* _TASK GOAL_
Retype all entries exactly as they stand, excluding pictures.

* _SUPPLIED RECORDS_
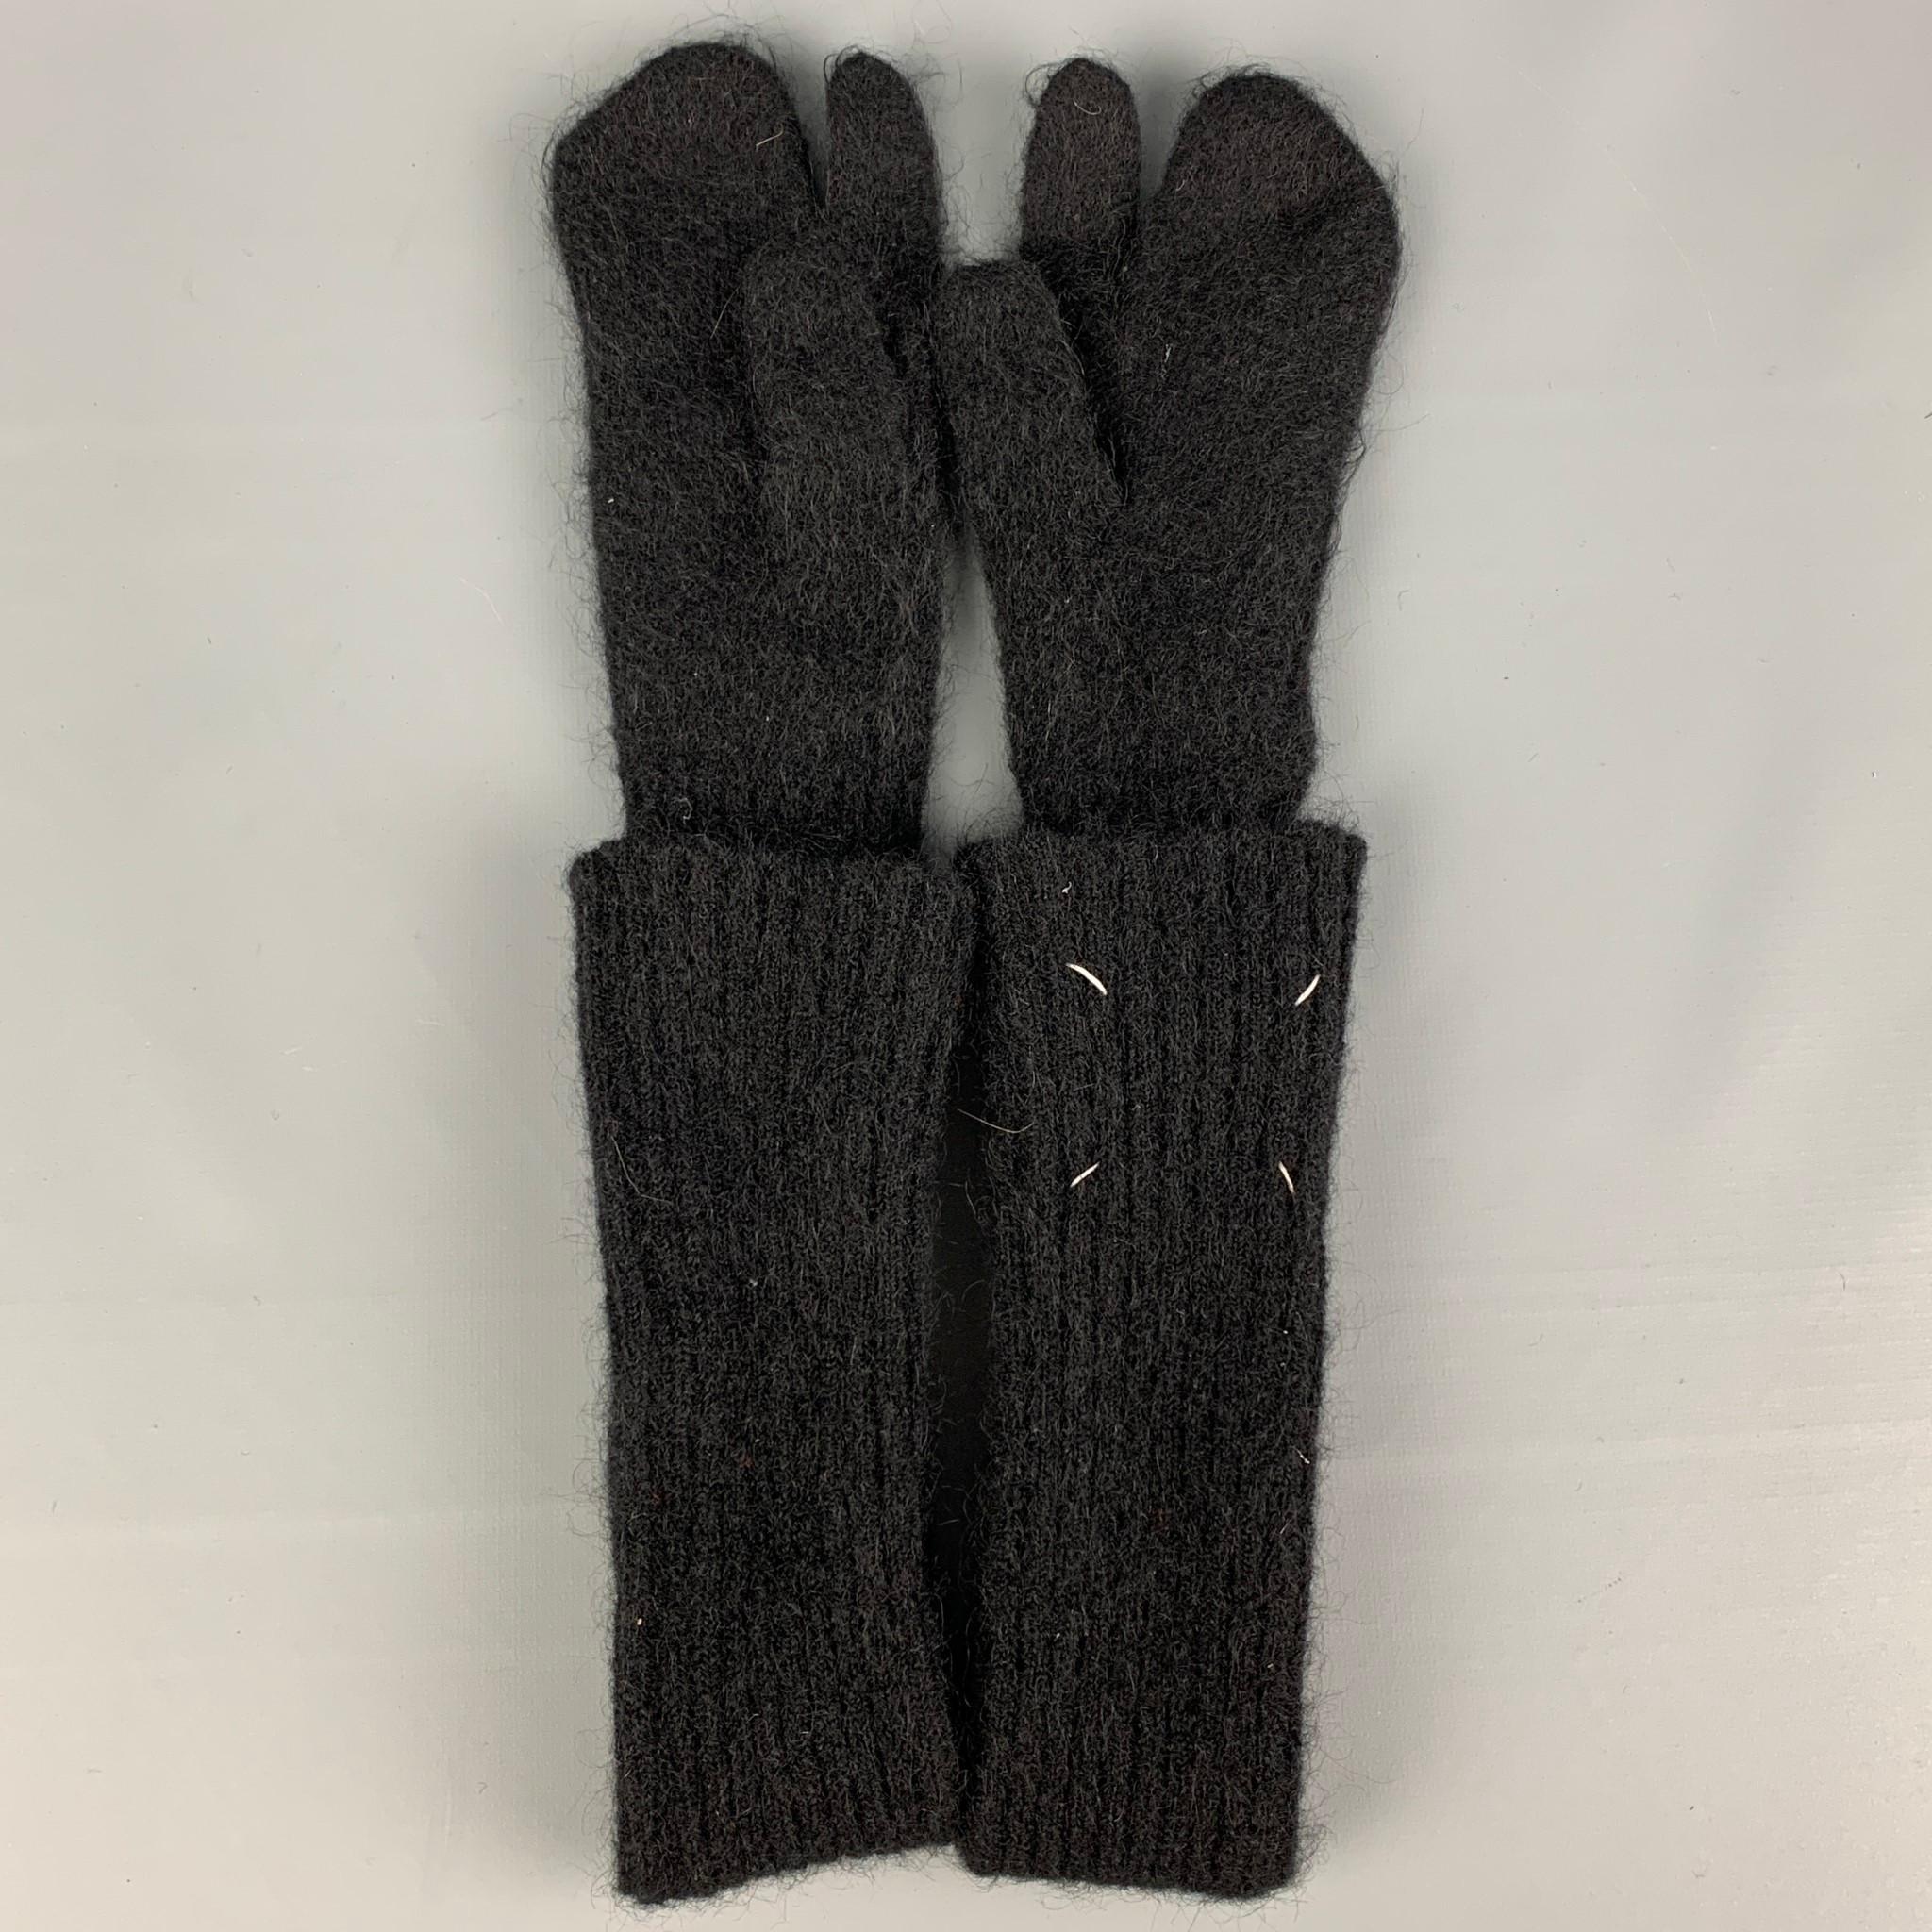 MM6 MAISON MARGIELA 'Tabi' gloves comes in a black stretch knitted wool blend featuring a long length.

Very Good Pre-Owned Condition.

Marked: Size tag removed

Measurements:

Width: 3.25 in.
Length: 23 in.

* _OUTPUT_
 MM6 MAISON MARGIELA 'Tabi' gloves comes in a black stretch knitted wool blend featuring a long length.

Very Good Pre-Owned Condition.

Marked: Size tag removed

Measurements:

Width: 3.25 in.
Length: 23 in.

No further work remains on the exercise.